CH718835A1 - Skid for a section insulator. - Google Patents

Abstract

Low-wear skid (2a, 2b) for a section insulator to reduce the maintenance effort. The runner (2a, 2b) should be compatible as a replacement part with existing section insulators (1). To increase the wear resistance, the runner (2a, 2b) according to the invention consists of a precipitation-hardenable non-ferrous metal alloy which, in contrast to the copper alloys known hitherto, does not soften even at elevated operating temperatures.

Description

technical field

With the advent of electrification of the railway lines at the end of the 19th century, the foundation for an energy-efficient and environmentally friendly means of mass transport was laid. For many countries without their own coal and oil deposits, this was a key achievement and technological change was accelerated accordingly.

[0002] With the introduction of the electrified railway lines, however, new problems arose. On the one hand, the catenary network must supply the contact strip of the pantograph and thus the drive train of the locomotive with electricity without interruption. On the other hand, a catenary system divided into sections is necessary for maintenance and the absorption of voltage differences.

On the free track so-called air separations are installed to solve the subdivision. For example, as described in [Kiessling, F.; Puschmann, R.; Schmieder, A.: Contact lines of electric railways. Erlangen, Verlag Publicis Publishing, 2014]. With the air separation, the section change is also combined with the contact wire guying, which also solves the problem of the finite contact wire length.

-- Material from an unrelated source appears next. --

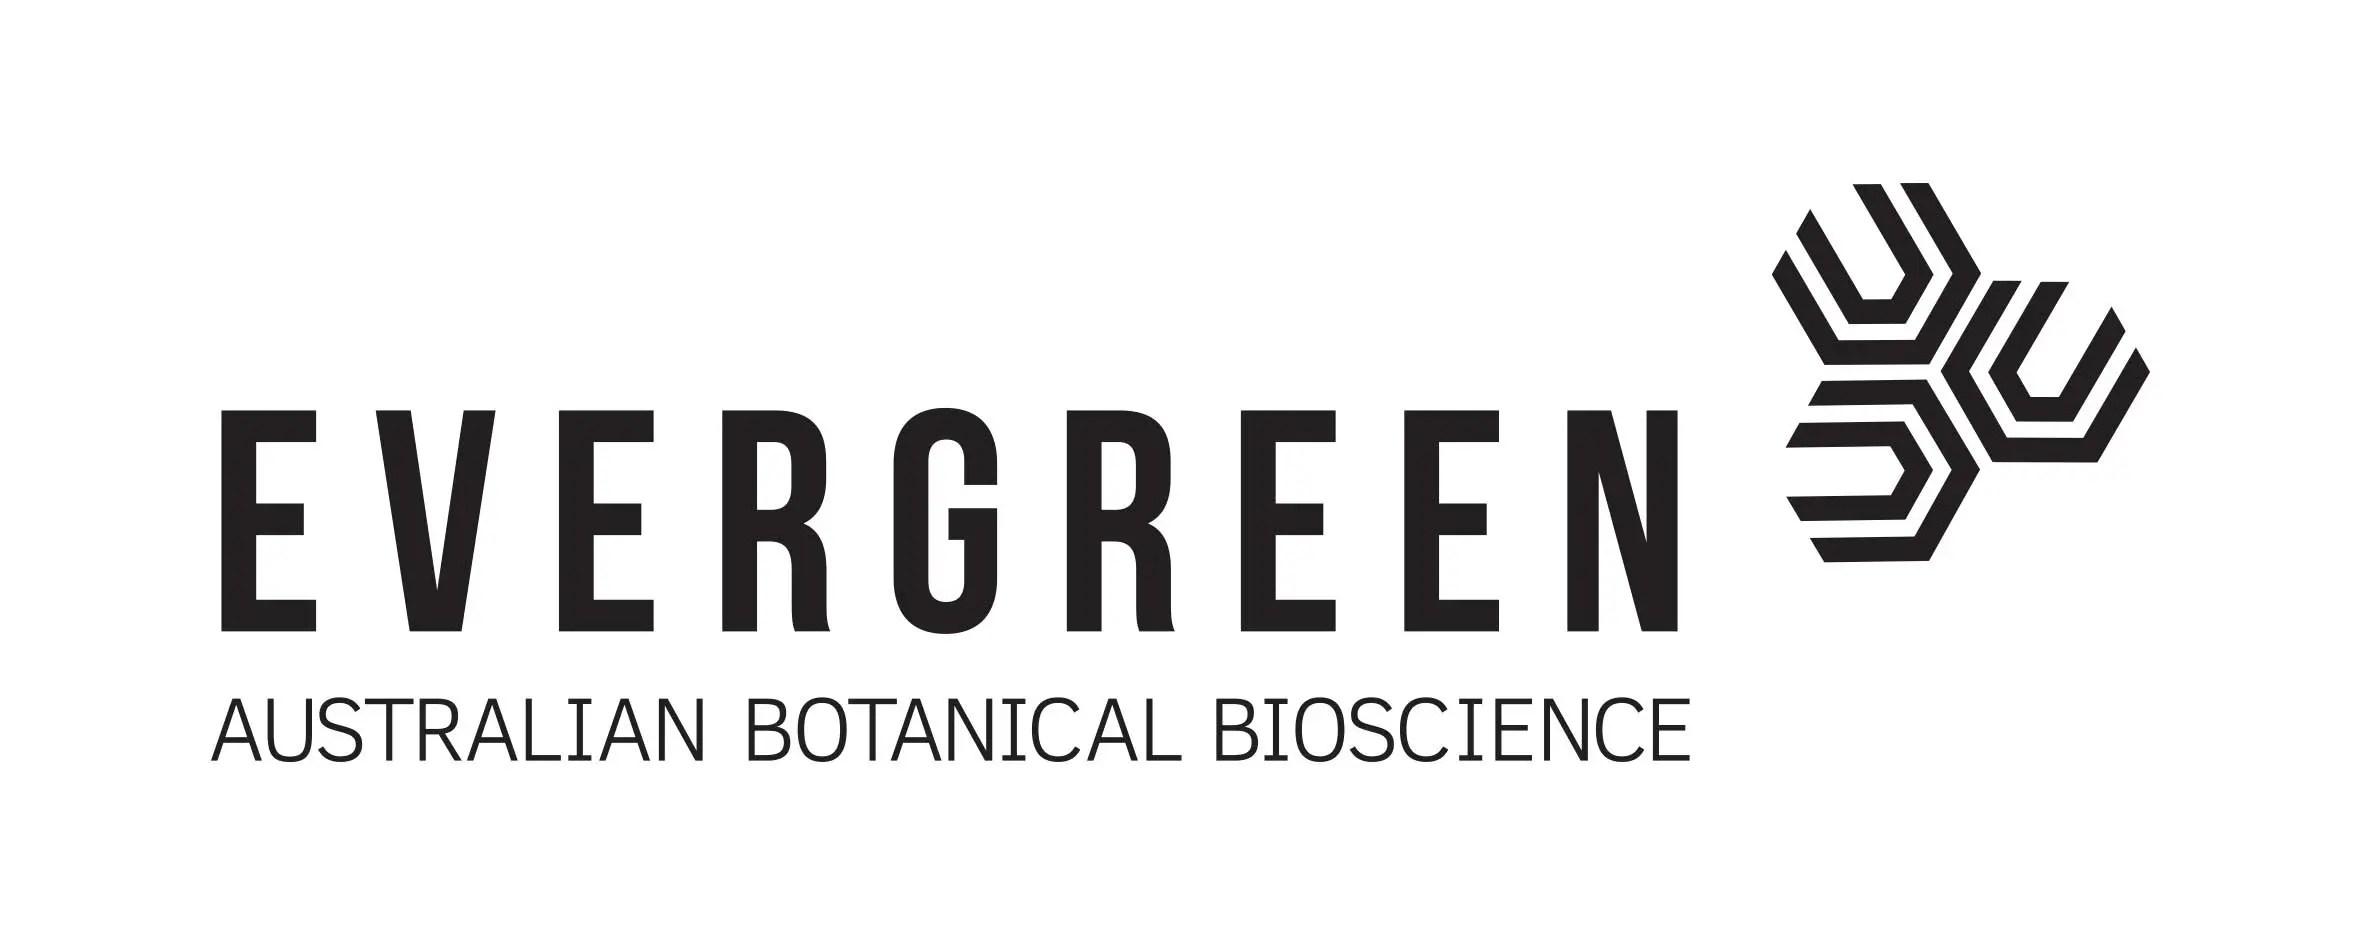 Evergreen Australian Botanical Bioscience

In addition to the high initial costs of an air separation, there is also the problem of space. In particular in the area of switches at the beginning or end of stations, there is hardly any space available for air separation. But it is precisely there that a subdivision of the catenary into sections is of great importance in order to be able to switch the catenary of a track free of voltage if necessary, for example for loading goods.

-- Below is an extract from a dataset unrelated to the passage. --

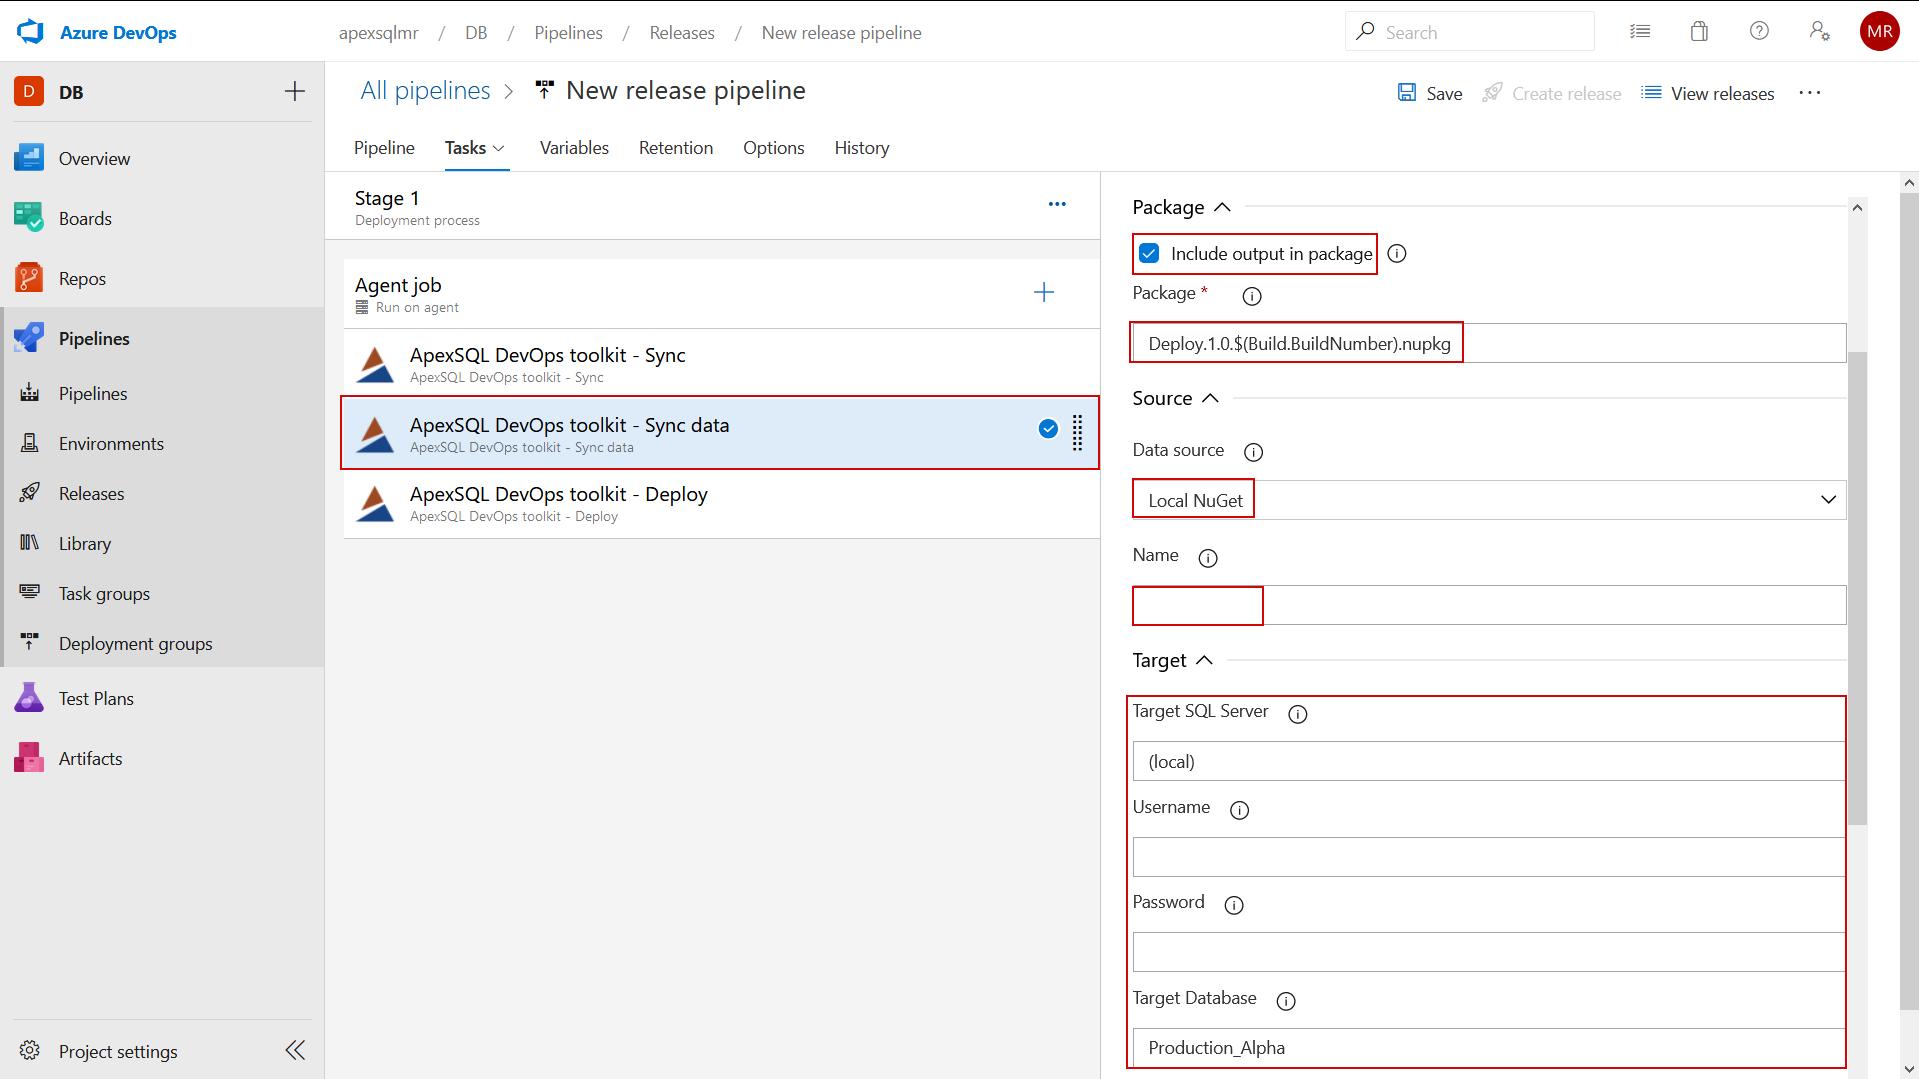 ApexSQL DevOps toolkit - Sync data task configuration

In applications with limited space, so-called section insulators, such as those described for example in [Kiessling, F.; Puschmann, R.; Schmieder, A.: Contact lines of electric railways. Erlangen, Verlag Publicis Publishing, 2014] are used. However, these lead to a mass concentration in the catenary, a so-called hard point. This prevents the catenary from swinging freely under the force of the pantograph. Although the isolator is usually installed slightly higher than the catenary, this results in increased contact forces between the isolator and the pantograph.

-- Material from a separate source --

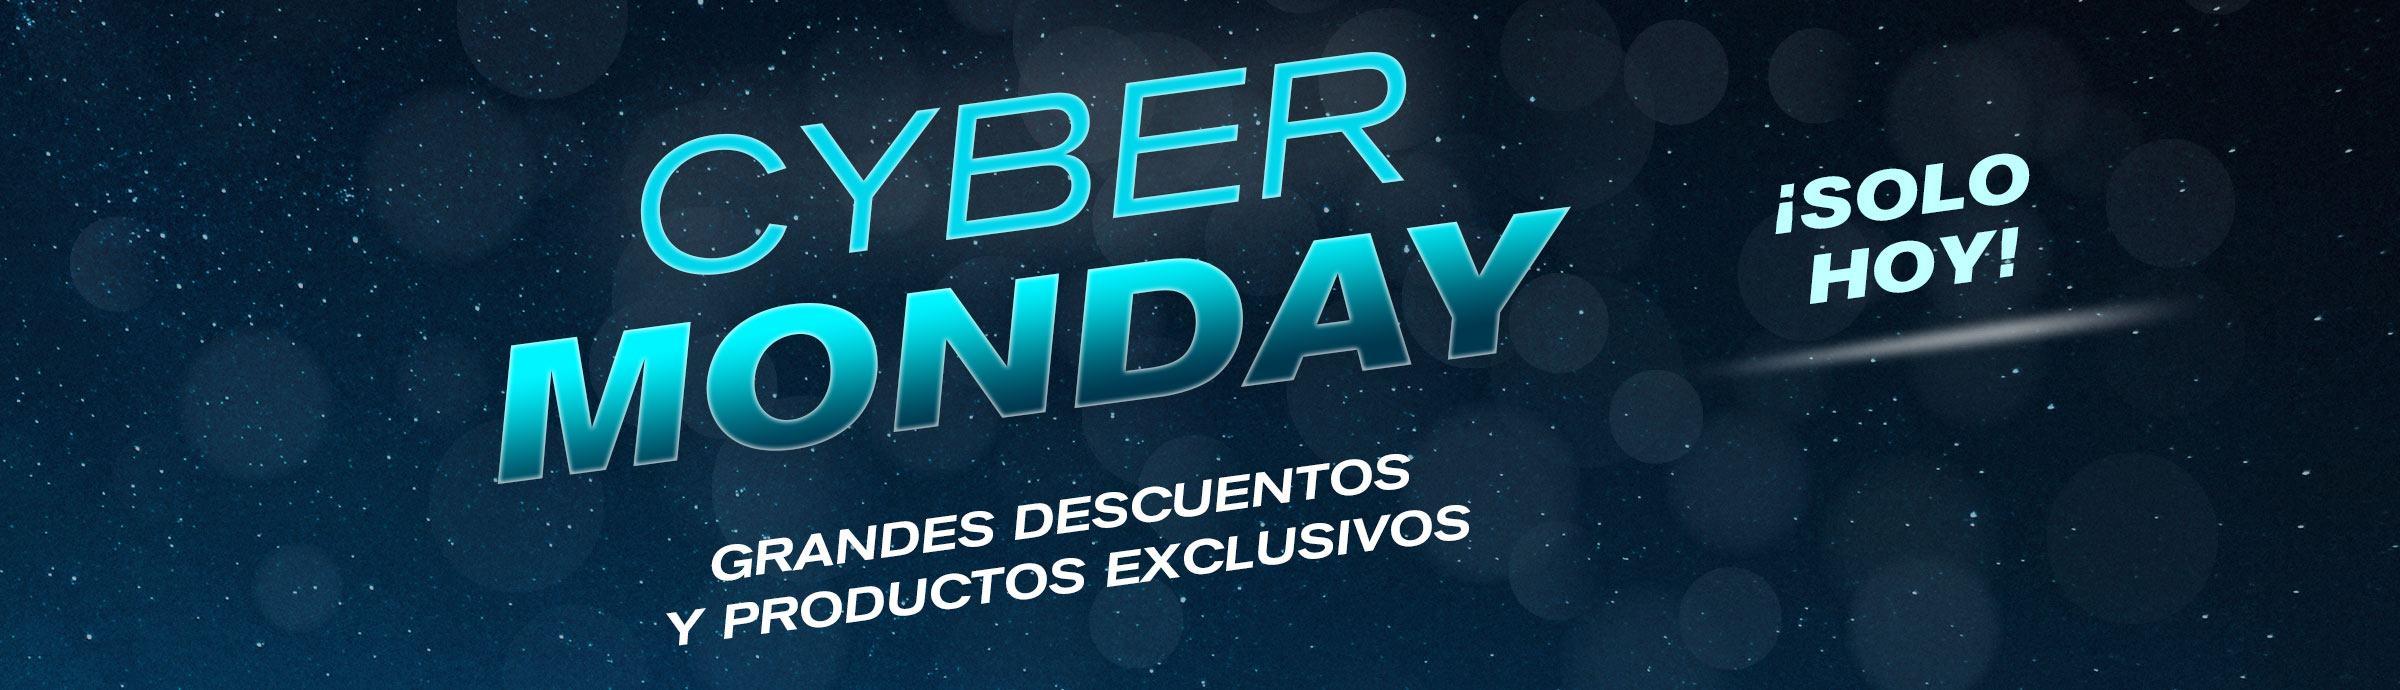 Cyber Monday Juguetes 2020

The separator has so-called skids. These represent the electrical connection between the separator and the contact strip of the pantograph. Due to the already mentioned increased contact forces, the almost unavoidable separator deflection and the often suboptimal geometric settings, the runners wear out faster than the contact wire and thus represent an increased maintenance effort Therefore, the present invention discloses a blade with a particularly high abrasion resistance.

State of the art

Contrasting requirements are placed on the runner material: in addition to good electrical conductivity, the material must also meet high mechanical requirements, such as abrasion resistance and vibration resistance.

[0008] Today's blade material is copper ETP. This has good electrical conductivity and sufficient mechanical strength for many applications. Due to the contact pressure of the pantograph, however, the runners wear out quickly under certain conditions, which leads to increased maintenance costs.

So it would be theoretically conceivable to provide a runner with an abrasion-resistant coating. Stellite<®> deposits, as known from power plant construction, would be well suited for this from a mechanical point of view. However, Stellite<®> has a very poor electrical conductivity of less than 2% IACS due to the high cobalt content.

Occasionally, stainless steel runners are also used. Since stainless steel also has poor electrical conductivity, depending on the alloy components, the runners heat up considerably and tend to form weld spatter as they burn off. Steel skids are therefore not a permanent solution.

[0011] Since the breakthrough of inductive heat generation in cooking ranges, composite materials made of stainless, magnetic steel and copper have been increasingly provided for pan manufacture. Since the stainless steel would ensure the appropriate mechanical properties and the copper the required electrical conductivity, these composite materials would in principle be suitable for the manufacture of skids. Since the choice of a composite material that is available as standard would require a change from the tried-and-tested teardrop-shaped runner profile to a rectangular profile, this solution has not yet been able to establish itself.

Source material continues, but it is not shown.